Start of Materials provided

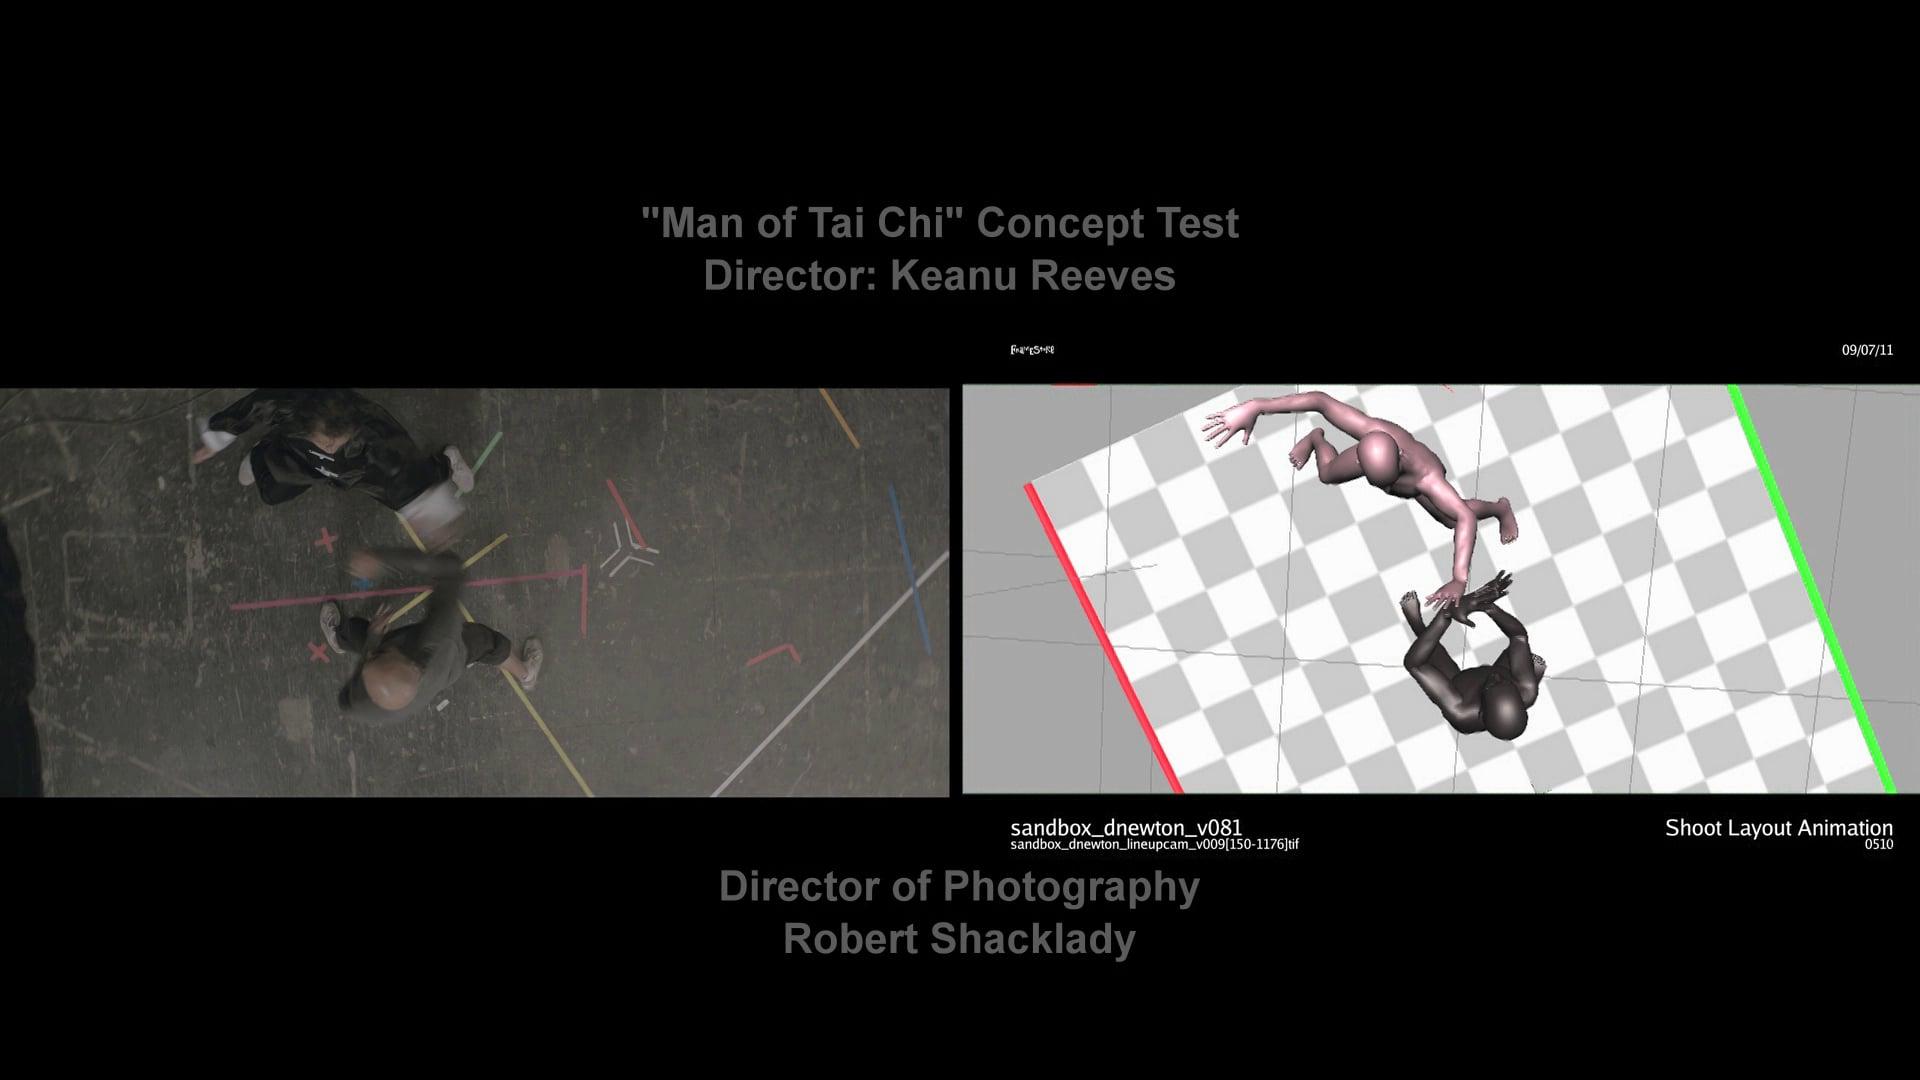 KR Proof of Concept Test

End of Materials provided
Start of Materials provided

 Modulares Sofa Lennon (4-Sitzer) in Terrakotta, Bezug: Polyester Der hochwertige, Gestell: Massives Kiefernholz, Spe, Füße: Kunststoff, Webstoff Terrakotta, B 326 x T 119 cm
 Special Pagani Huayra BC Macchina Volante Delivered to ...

End of Materials provided
Start of Materials provided

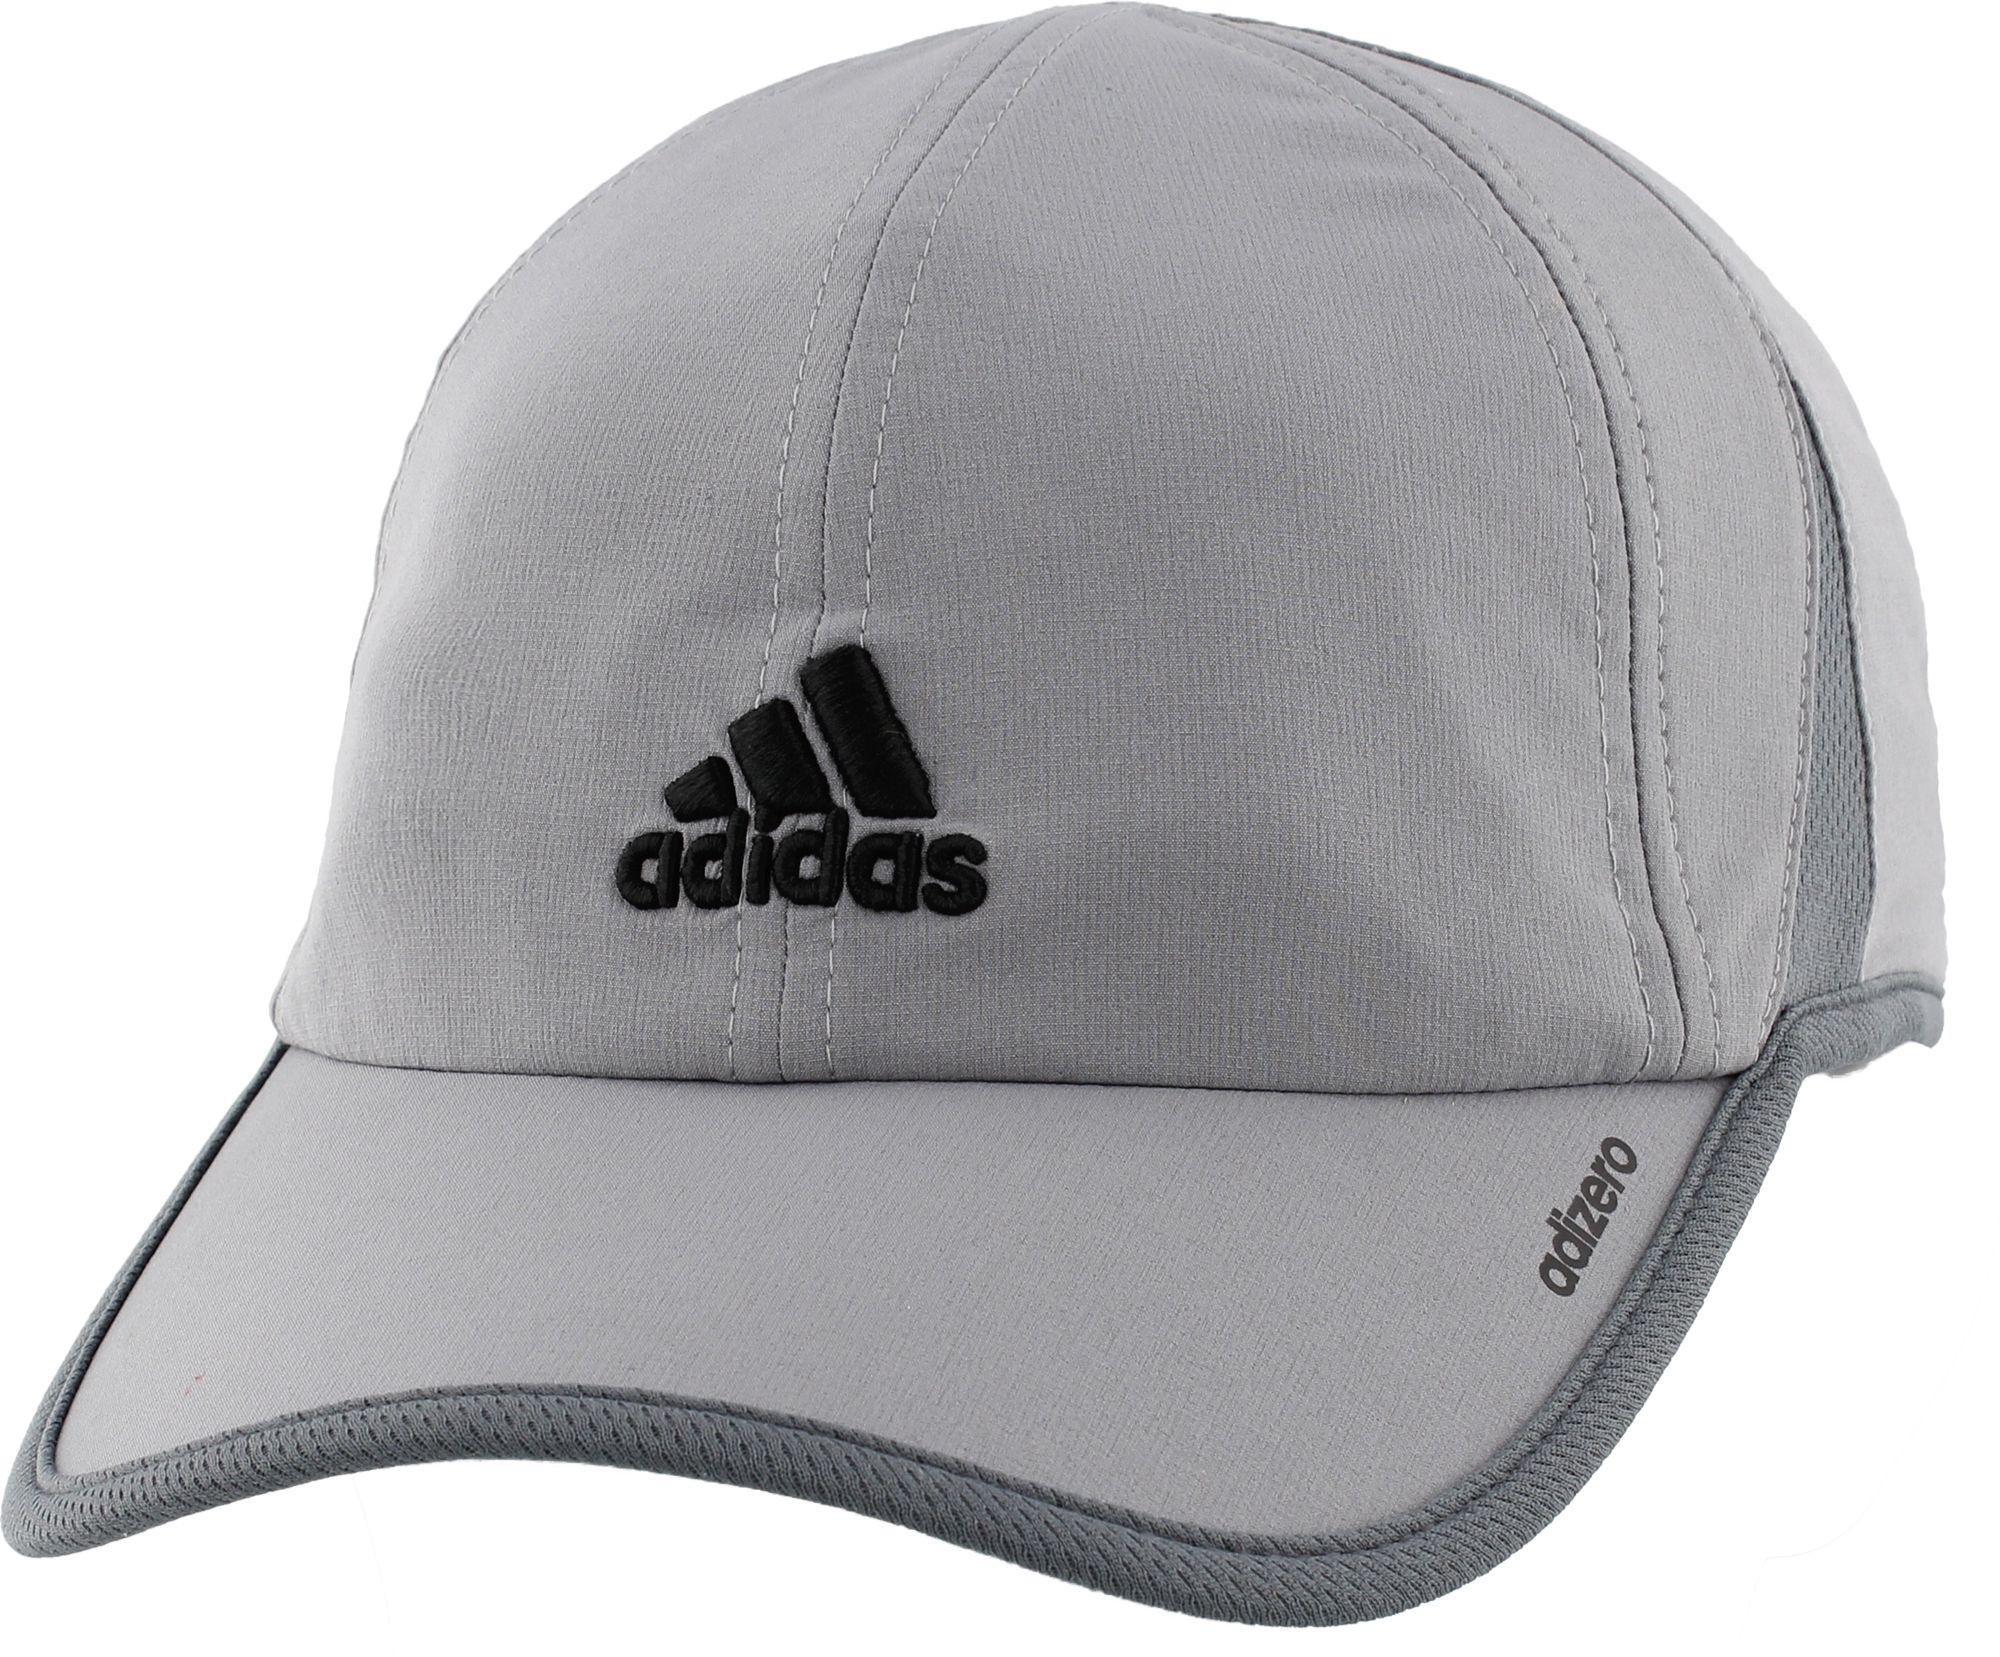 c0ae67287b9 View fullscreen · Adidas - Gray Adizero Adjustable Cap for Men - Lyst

End of Materials provided

**Work task:** Please copy the lines above from the line with "Modulares Sofa Lennon" up to and including the line with "Special Pagani Huayra", exactly as written and with nothing else.

**Solution to this exercise:**
 Modulares Sofa Lennon (4-Sitzer) in Terrakotta, Bezug: Polyester Der hochwertige, Gestell: Massives Kiefernholz, Spe, Füße: Kunststoff, Webstoff Terrakotta, B 326 x T 119 cm
 Special Pagani Huayra BC Macchina Volante Delivered to ...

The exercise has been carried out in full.